My students, who are in the ballpark of 18-20, balk more at being assigned a poetry collection or a work of experimental fiction than they do at a long, but straightforwardly narrative, text. What I’m noticing most is a resistance to complexity and difficulty—texts that make us read passages twice or go back to search for meaning—more so than a resistance to longer works, as long as they read easily. To cull some well-worn examples, think of the Twilight books and Harry Potter—two rampantly successful series for YA readers in the last decade—and those books are long! But easy. Vapidly easy, in the case of Twilight. So readers who grew up on them, those same readers that I now have in lit. class, aren’t put off by the length of a text, necessarily, but they want the ease of a narrative plot and the readily digestible characters offered by commercial fiction. And don’t get me wrong, I loved reading Harry Potter, but it’s alarming when a change in point of view or a challenge to convention is enough to get my students up in arms.

5. How does the shapelessness of the poems affect their tone?

Oh boy, get ready for my wordy answer to this one. The prose poem: that anomalous hybrid creation. Charles Simic perhaps put it best when he described the prose poem as “the sole instance we [poets] have of squaring the circle.” In Simic’s estimation, prose poetry “is the result of two contradictory impulses, prose and poetry, and therefore cannot exist, but it does.” And how. As a form, the prose poem shares a great deal with its sister, the poem written in free verse. Both can employ the usual suspects to affect the reader’s sense of tone, or mood: image, point of view, repetition and variation, leaps in time and subject, and so on. At the same time, crafting tone in the prose poem is an act somewhat veiled by its form because, at the most basic level, the prose poem’s units of information are constructed in sentences and paragraphs to free verse’s lines and strophes. This seems quite obvious, but there’s a magic in the paragraph. As Jayne Anne Phillips reminds us, “The poem broken into lines announces itself as a poem, but the paragraph seems innocent, workaday, invisible.” When handed a prose poem, we let down our guard. James Tate has aptly characterized the form as “a means of seduction…People generally do not run for cover when they are confronted with a paragraph or two.
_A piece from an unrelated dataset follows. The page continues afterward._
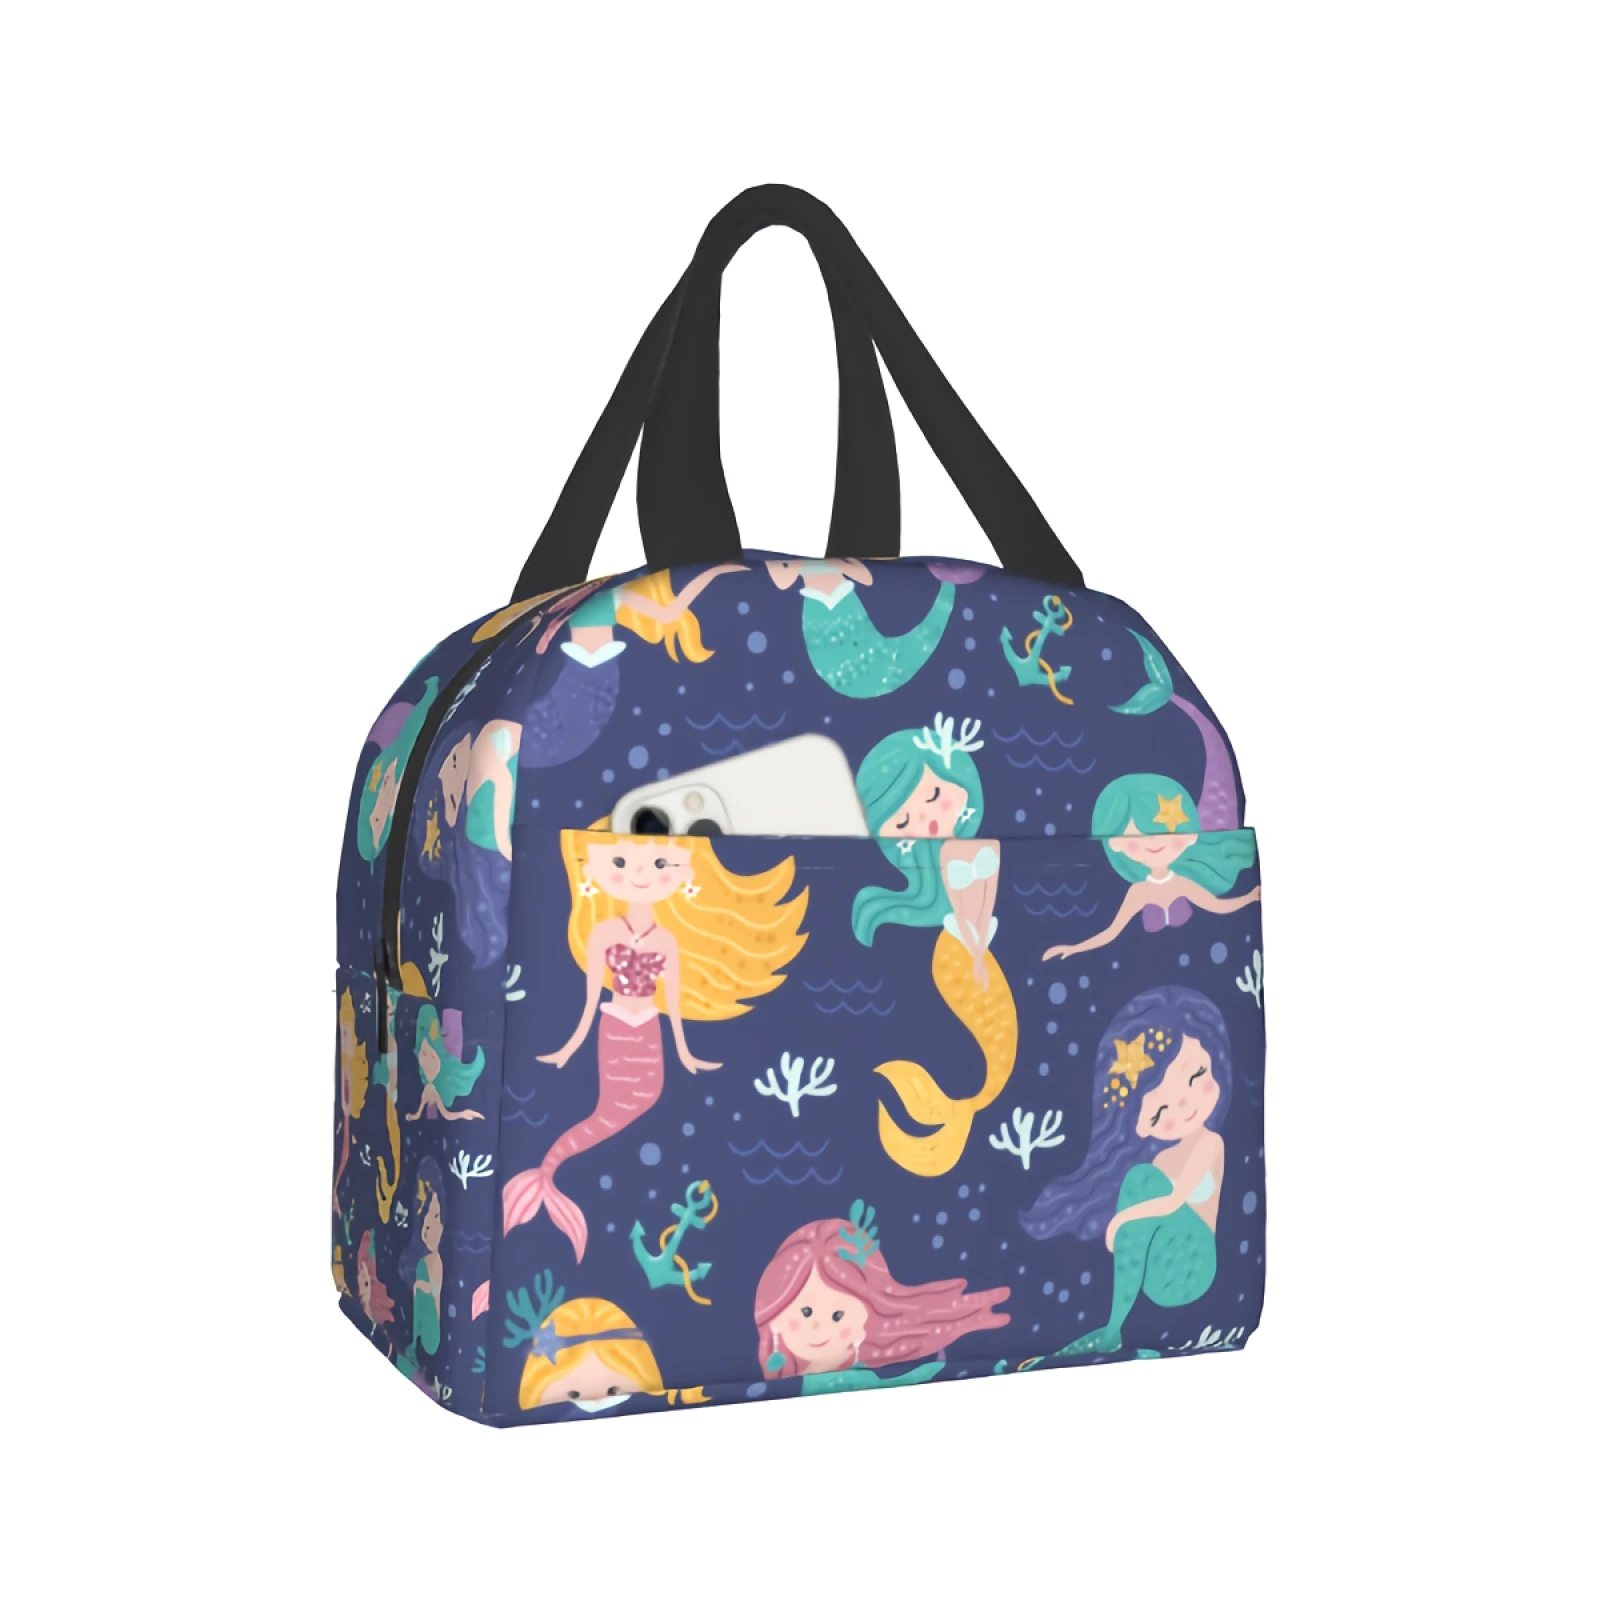 

Cartoon Mermaids Lunch Bag Girly Cooler Bag Cute Blue Insulated Bag for Women Men Teen Girls Boys Office Work School Picnic
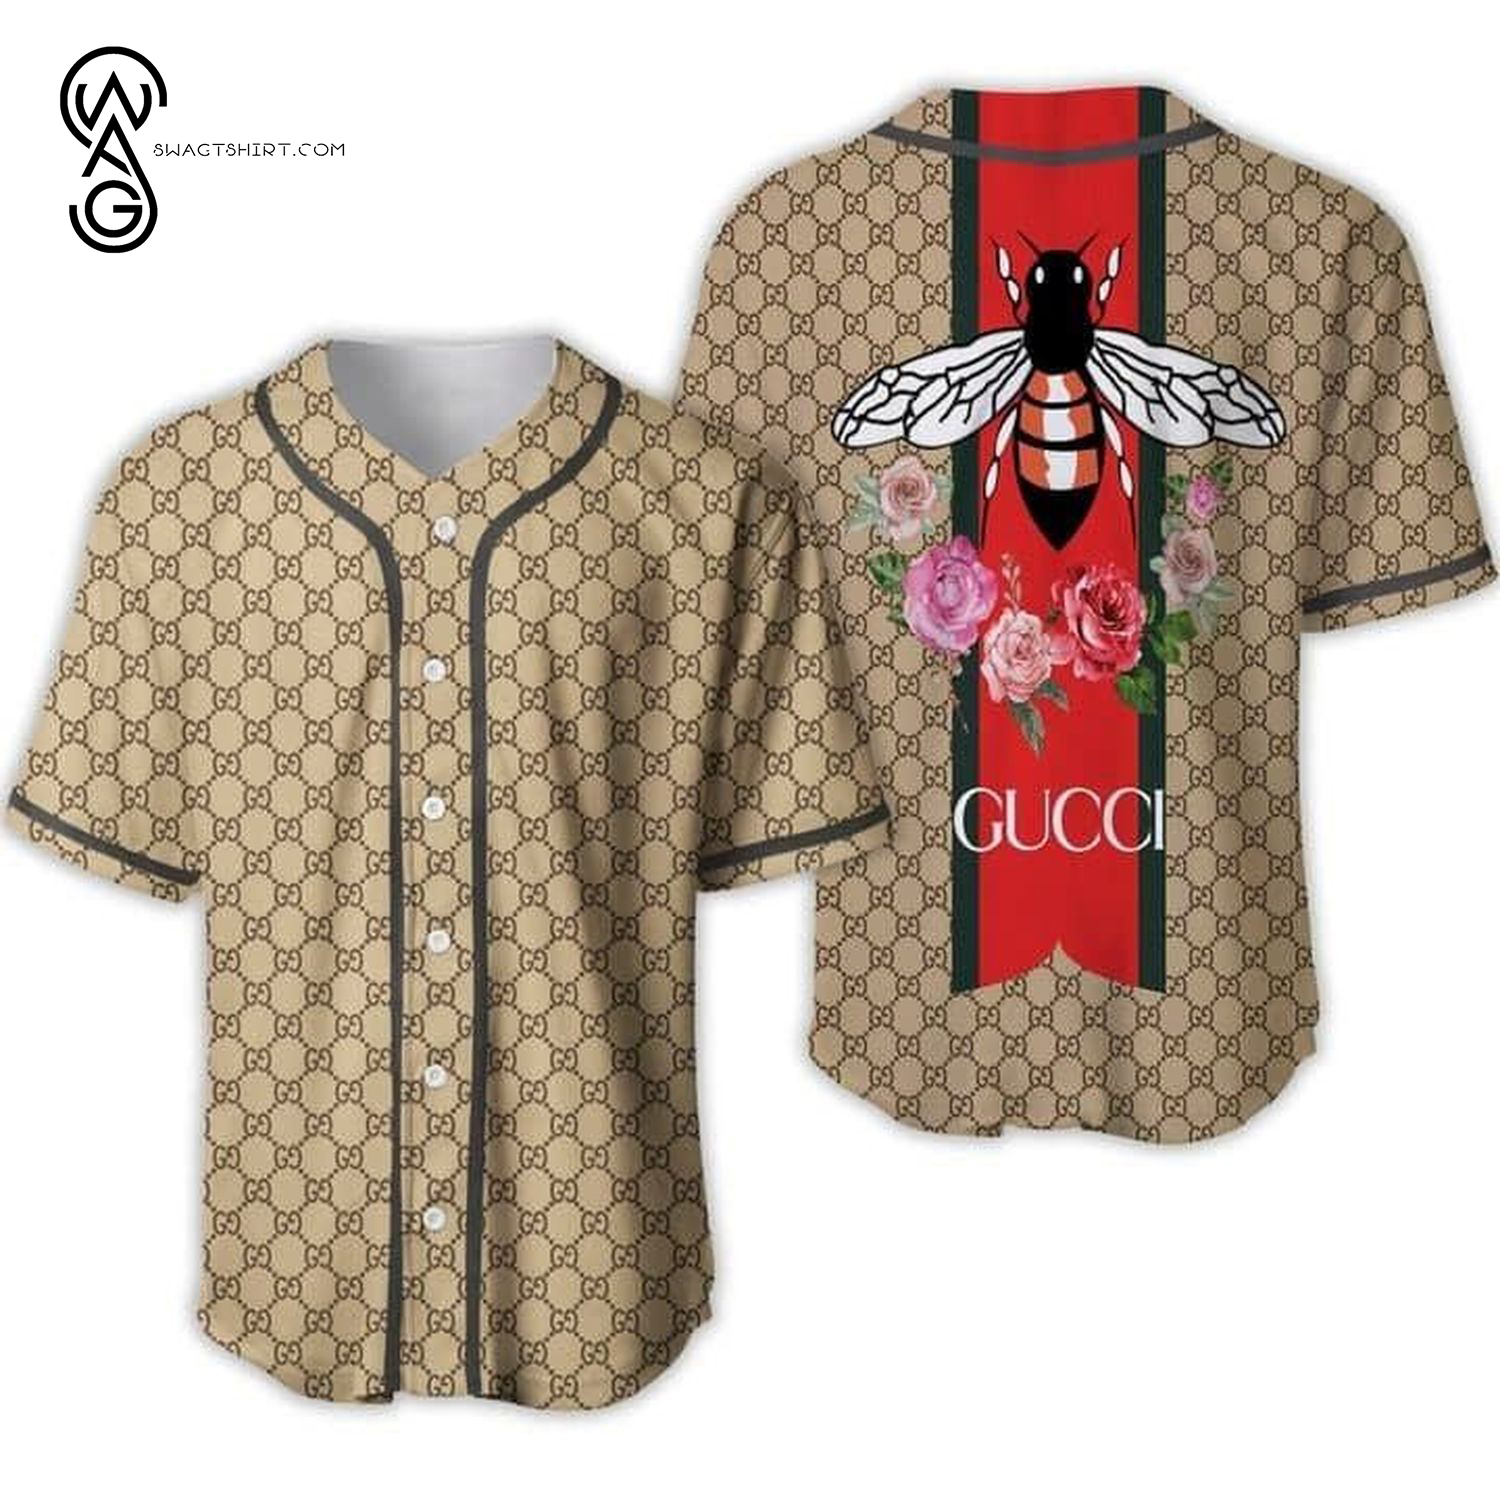 Gucci Bee Full Printed Baseball Jersey

The paragraph says to them: I won’t take much of your time, and if you don’t mind me saying so, I am not known to be arcane, obtuse, precious, or high-falutin’. Come on in.” And so we do, perhaps lulled by the prose poet’s use of sentences and paragraphs, and we walk right in. Once inside, those elements of image, repetition, leaps, and so on do their work same as in lineated poems, but they’re less conspicuous, perhaps, less capital “P” Poetic, and thus tone is born, unexpectedly, capable of taking us hostage.

6. Who is your favorite human of the year?

If you’re taking the time to read this, you are.